The Mexican extracted from the bottom of his cards the first one dealt him face down and flipped it over carelessly. It was a ten; he had three tens, and the professor’s extremely handsome pairs of aces and kings were as nothing. The Mexican’s brown fingers drew the winnings in toward him, Longstreet’s fifty-one dollars among them. Longstreet stared at him and at Barbee and at the treacherous cards themselves in sheer bewilderment.
It was not that he was shocked at the loss of a rather large sum of money in his present circumstances; his brain did not focus on the point. He was trying to see in what his advance theories had miscarried. For certainly it had seemed extremely unlikely that Chavez would have had three tens. Why, there were only four tens in the deck of fifty-two, there were four men playing, there remained in the deck, untouched, thirty-two cards——
‘Deal ’em up,’ said Barbee. ‘Your deal, old boy.’
‘It lies entirely within the scope of conservative probability,’ said Longstreet blandly, his eyes carrying the look of a man who in spirit is far away from his physical environment, ‘that, after all, my data were not sufficient.’
‘Talking to me?’ said Barbee. He made a playful show of looking over his shoulder to the invisible recipient of Longstreet’s confidences; at the moment a door behind him opened and a new face did actually appear. Barbee’s glance grew into a stare of surprise. Then he turned square about in his chair again and snapped out: ‘Deal, can’t you?’ Longstreet saw that the boy’s face was red; that his eyes burned malignantly.
‘Hello, Barbee,’ said the man in the newly opened door. He came fully into the room and closed the door after him.
‘Hello, Courtot,’ answered Barbee colourlessly.

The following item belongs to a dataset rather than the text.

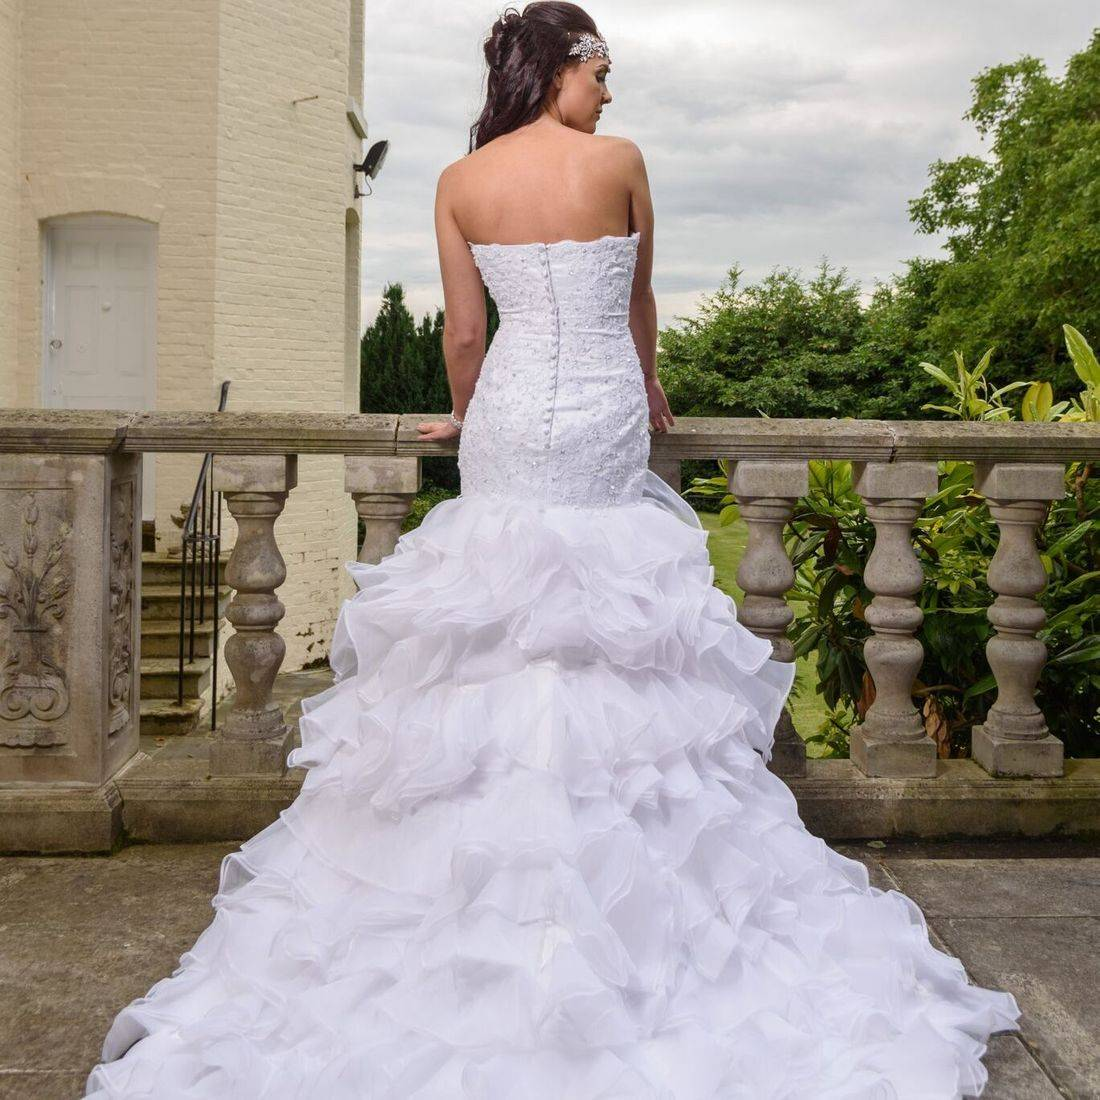 ruffled skirt wedding dress, ruffle wedding dress, elongated bodice wedding dress, sparkly wedding dress, sweatheart neckline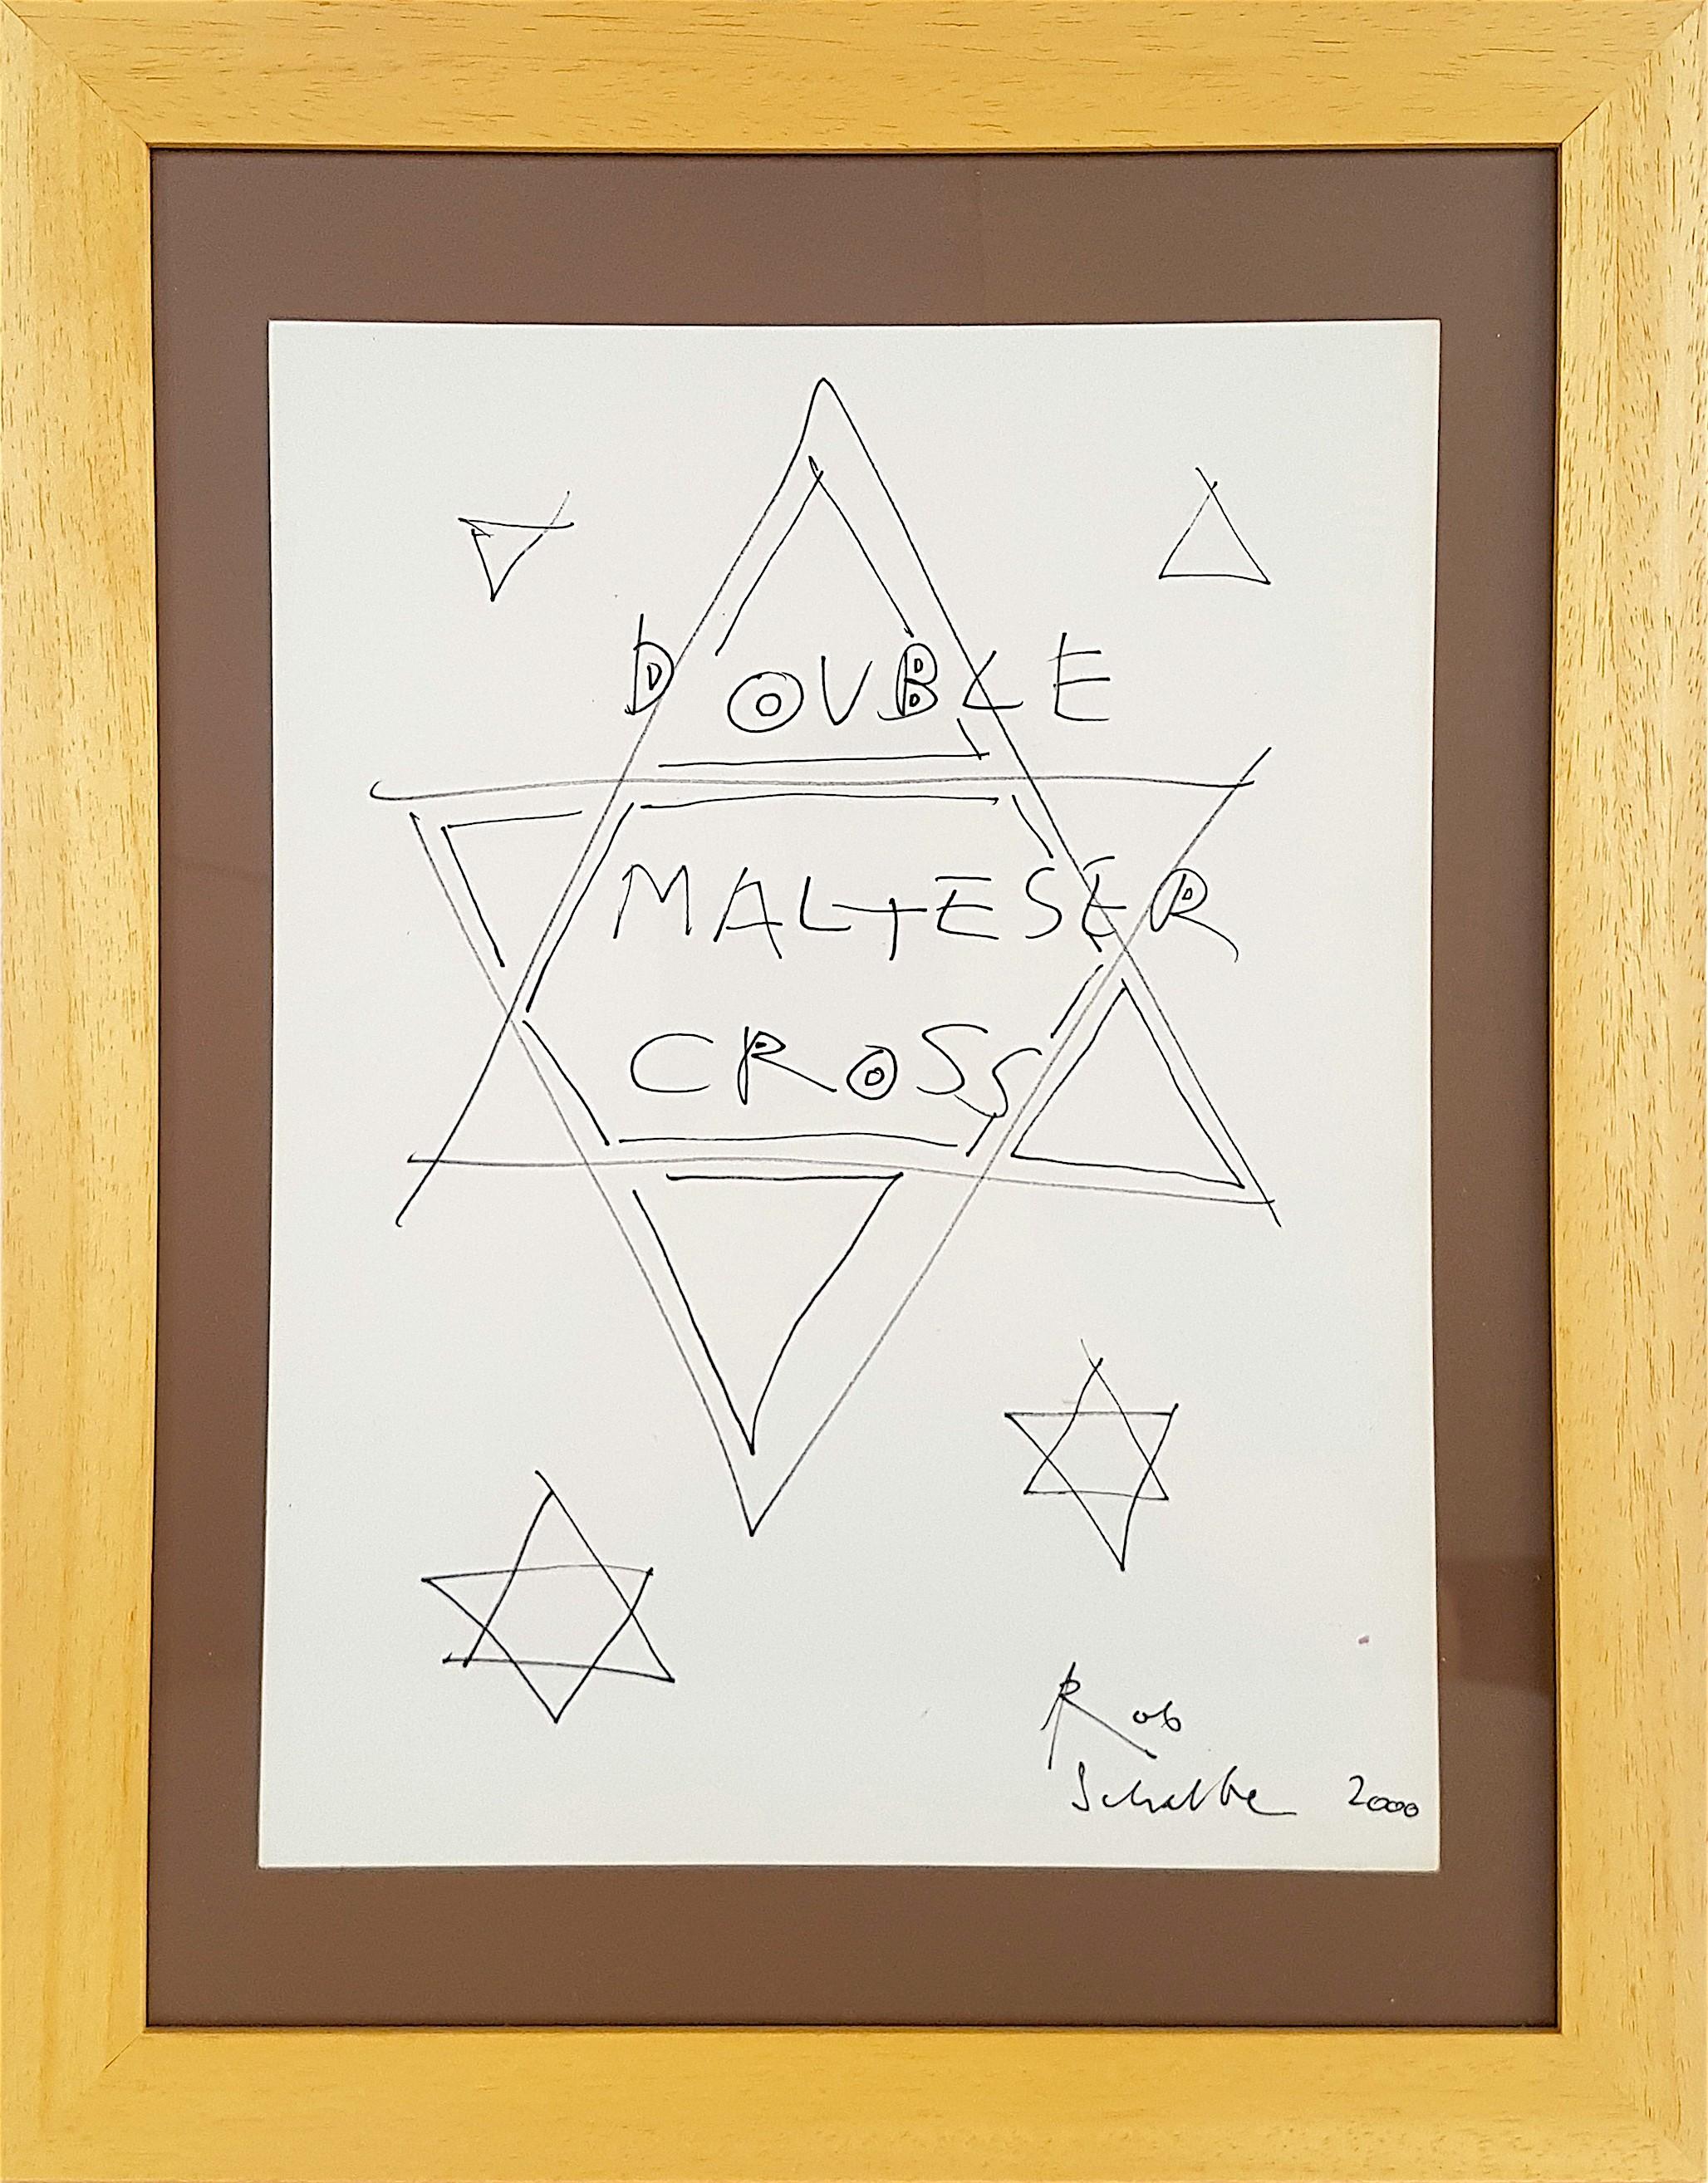 Rob Scholte – Double Malteser Cross

With an effort Longstreet had withdrawn his analytic faculties from the consideration of the recent problem that had been solved for him by the cards themselves; now he was busied with collecting them, arranging them and getting ready to shuffle. Among the amused eyes watching him he was conscious of a pair of eyes that were not simply amused, the eyes of Jim Courtot. He looked up and took stock of the new-comer, impelled to something more exhaustive than a superficial interest by that intangible but potent thing termed personality. This man who had entered the room in familiar fashion through a back door and a rear room, was of the magnetic order; were he silent in a gathering of talking men he must have been none the less a conspicuous figure. And not because of any unusual saliency of physical attributes; rather for that emanation of personality which is like electricity—which, perhaps, is electricity.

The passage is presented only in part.